Photonic surfaces designed with specific optical characteristics are becoming increasingly important for use in in various energy harvesting and storage systems. , In this study, we develop a surrogate-based optimization approach for designing such surfaces. The surrogate-based optimization framework employs the Random Forest algorithm and uses a greedy, prediction-based exploration strategy to identify the laser fabrication parameters that minimize the discrepancy relative to a user-defined target optical characteristics. We demonstrate the approach on two synthetic benchmarks and two specific cases of photonic surface inverse design targets. It exhibits superior performance when compared to other optimization algorithms across all benchmarks.
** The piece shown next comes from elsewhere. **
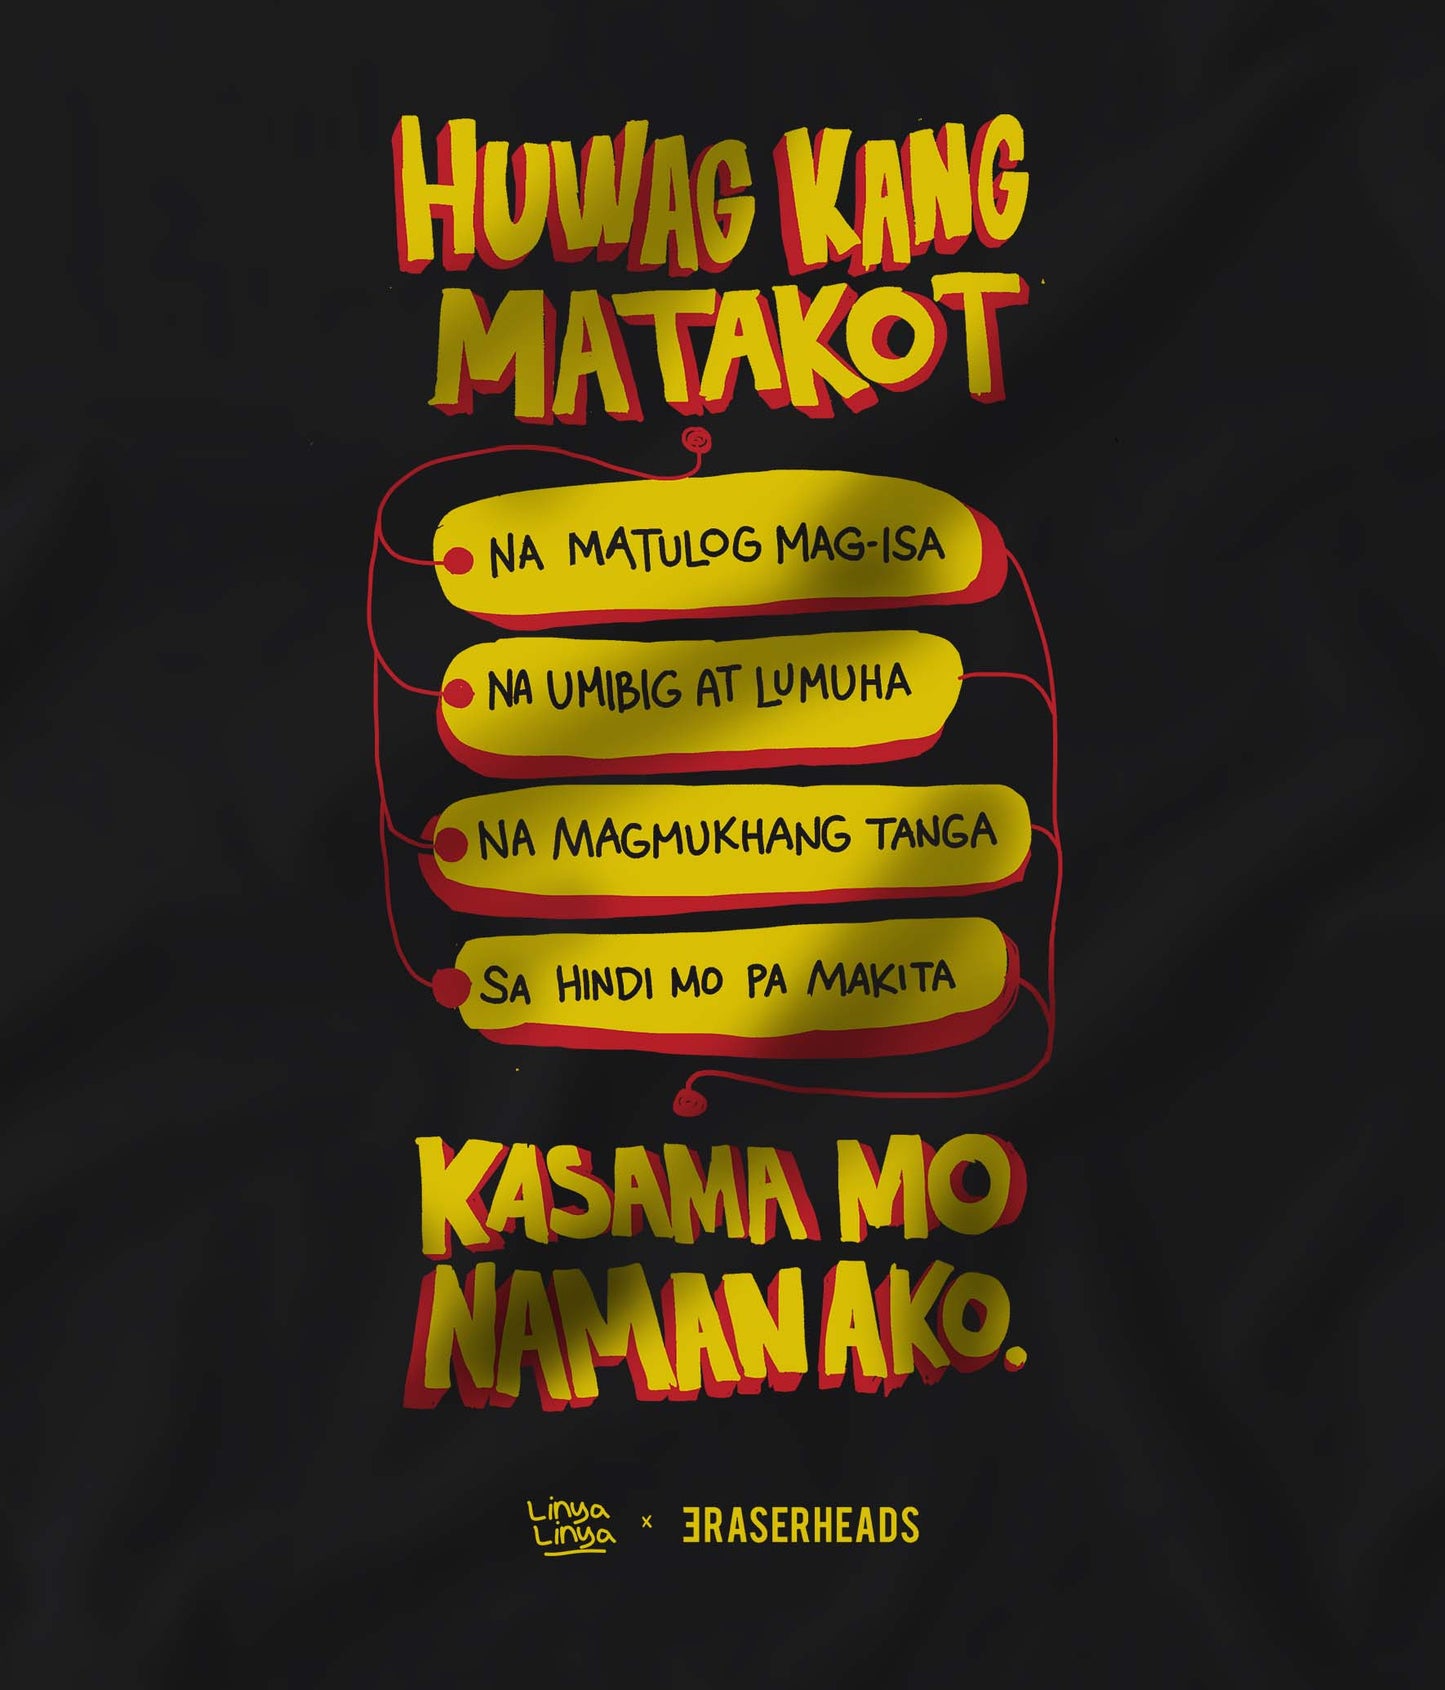 Linya-Linya X Eraserheads- Huwag Kang Matakot
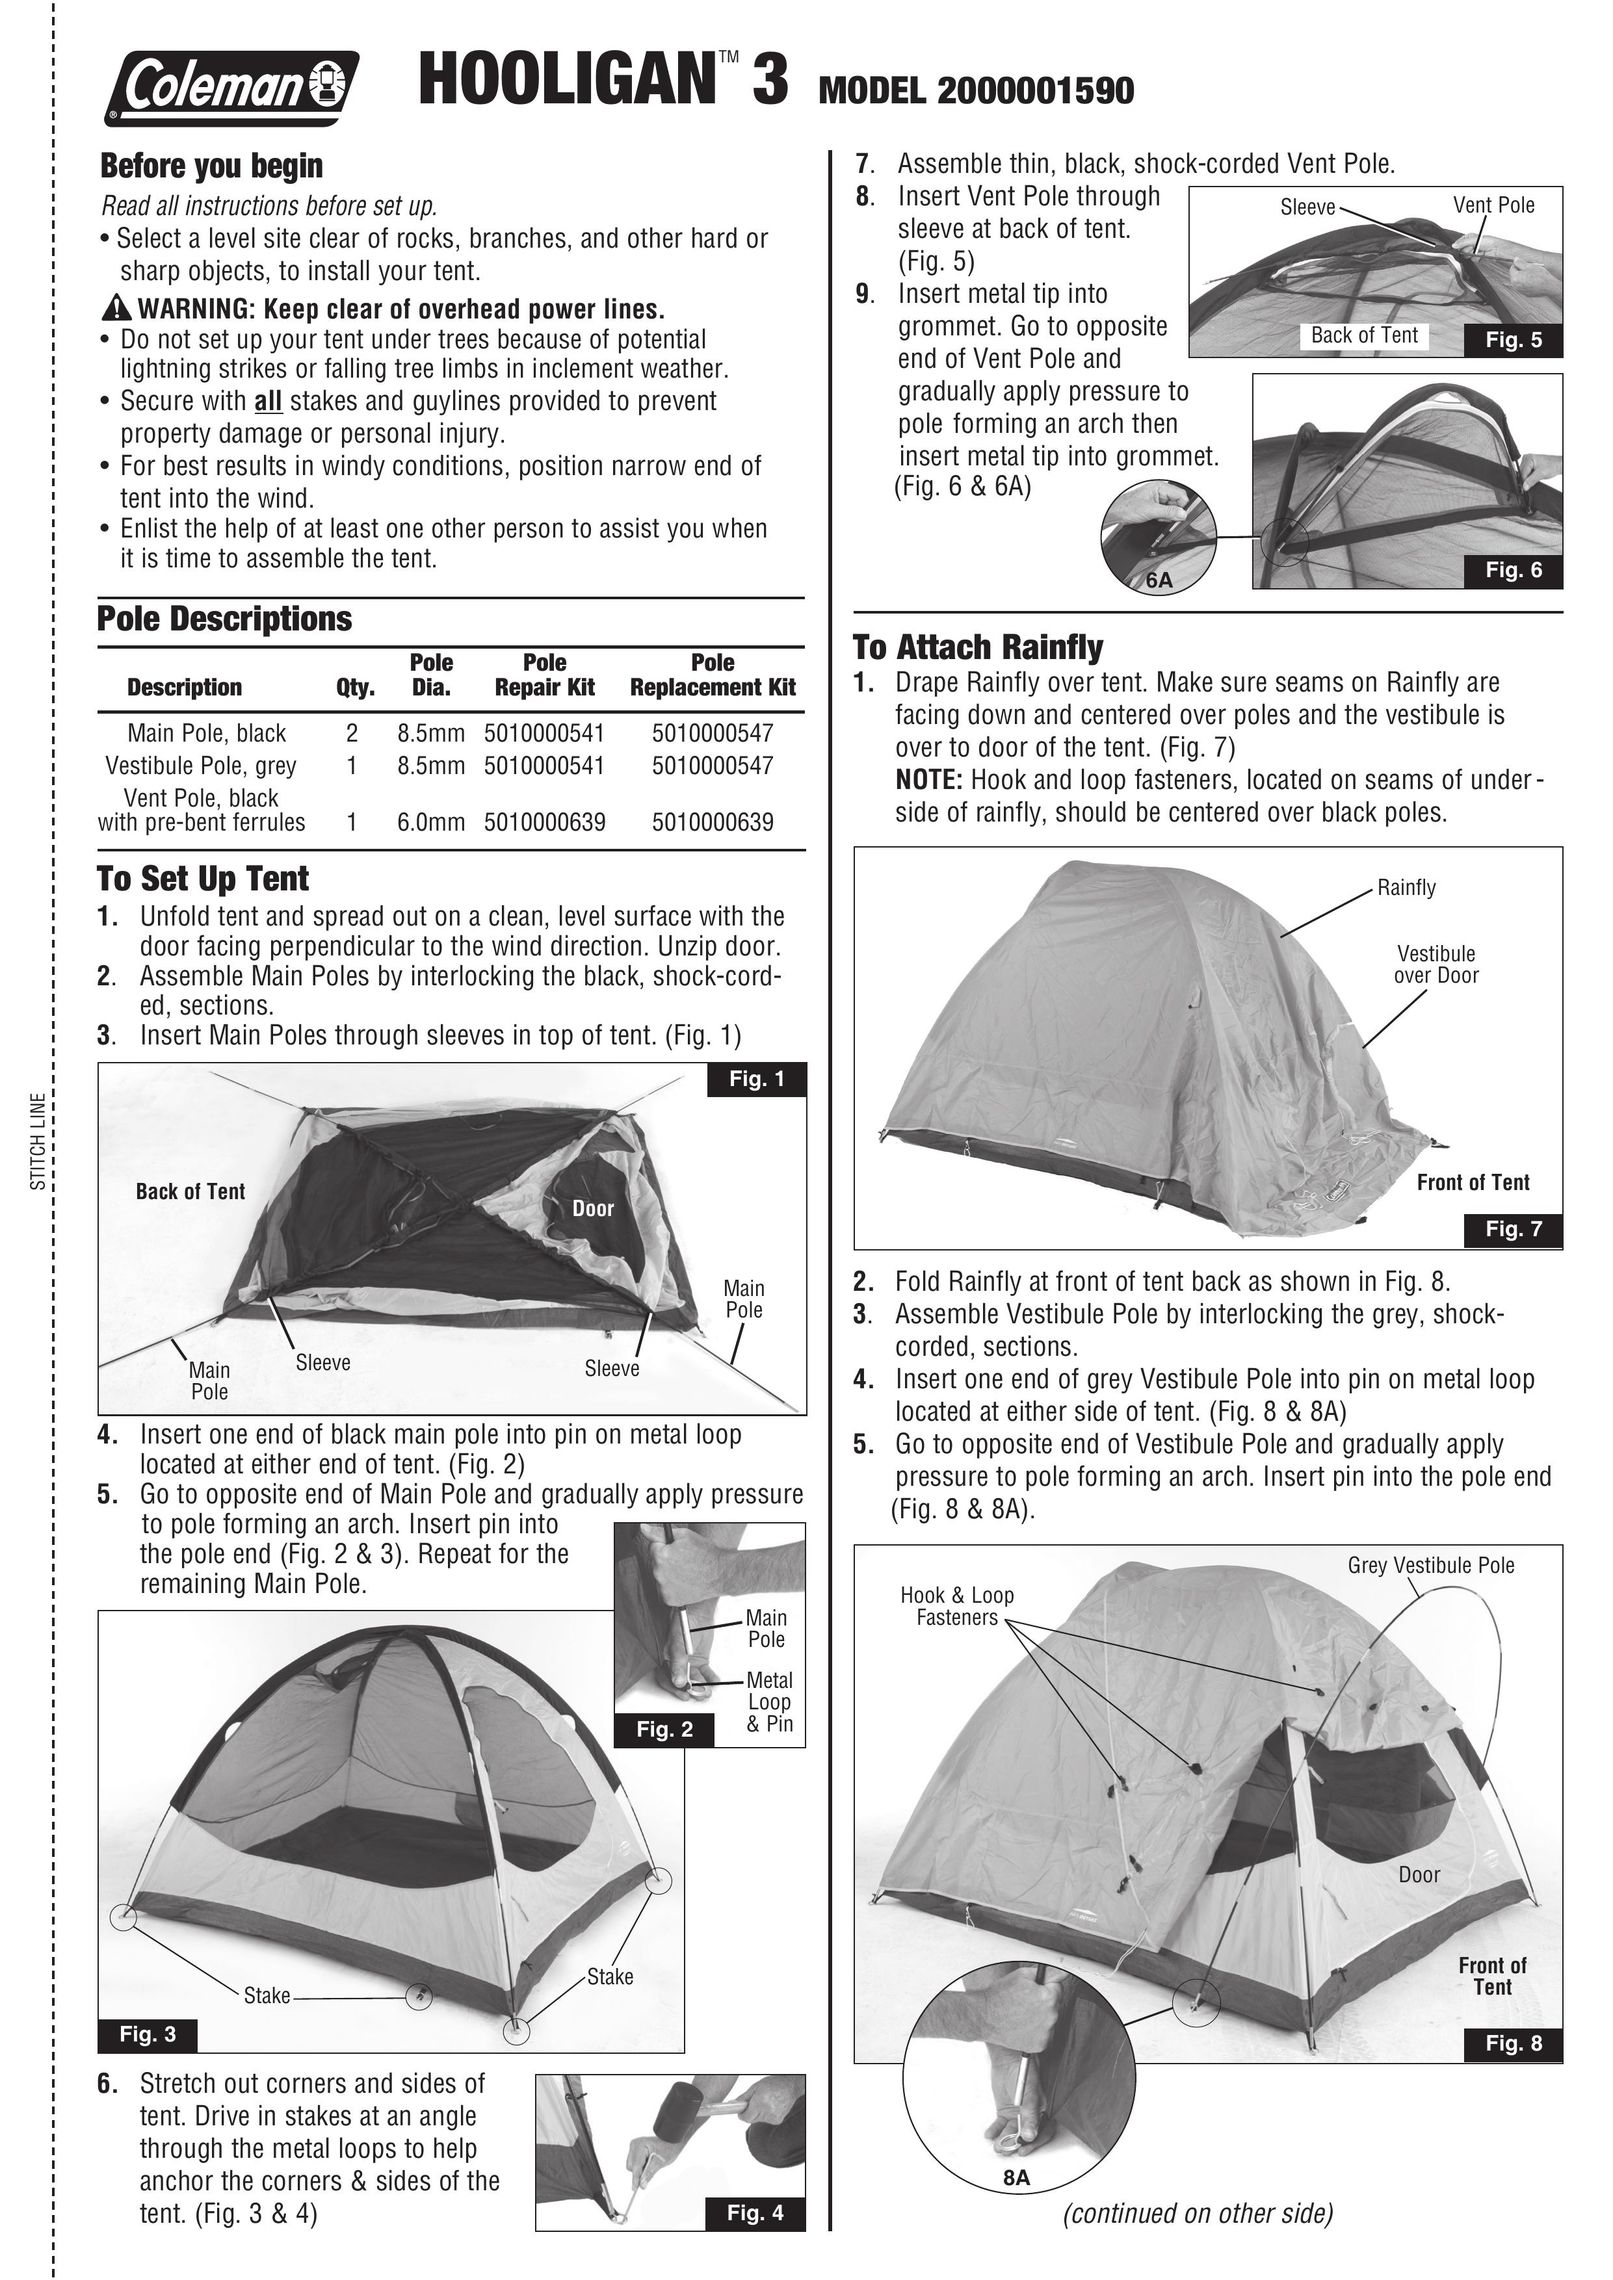 Coleman 2000001590 Tent User Manual

Additionally, we demonstrate a technique of inverse design warm starting for changed target optical characteristics which enhances the performance of the introduced approach.

翻译：具有特定光学特性的光子表面在各种能量收集与存储系统中正变得日益重要。本研究开发了一种基于代理的优化方法，用于设计此类表面。该代理优化框架采用随机森林算法，并运用基于预测的贪婪探索策略，以识别能够最小化与用户定义目标光学特性之间差异的激光制造参数。我们在两个合成基准测试和两个光子表面逆向设计目标的具体案例上验证了该方法。与所有基准测试中的其他优化算法相比，该方法展现出优越的性能。此外，我们还展示了一种针对变化目标光学特性的逆向设计热启动技术，该技术进一步提升了所提出方法的性能。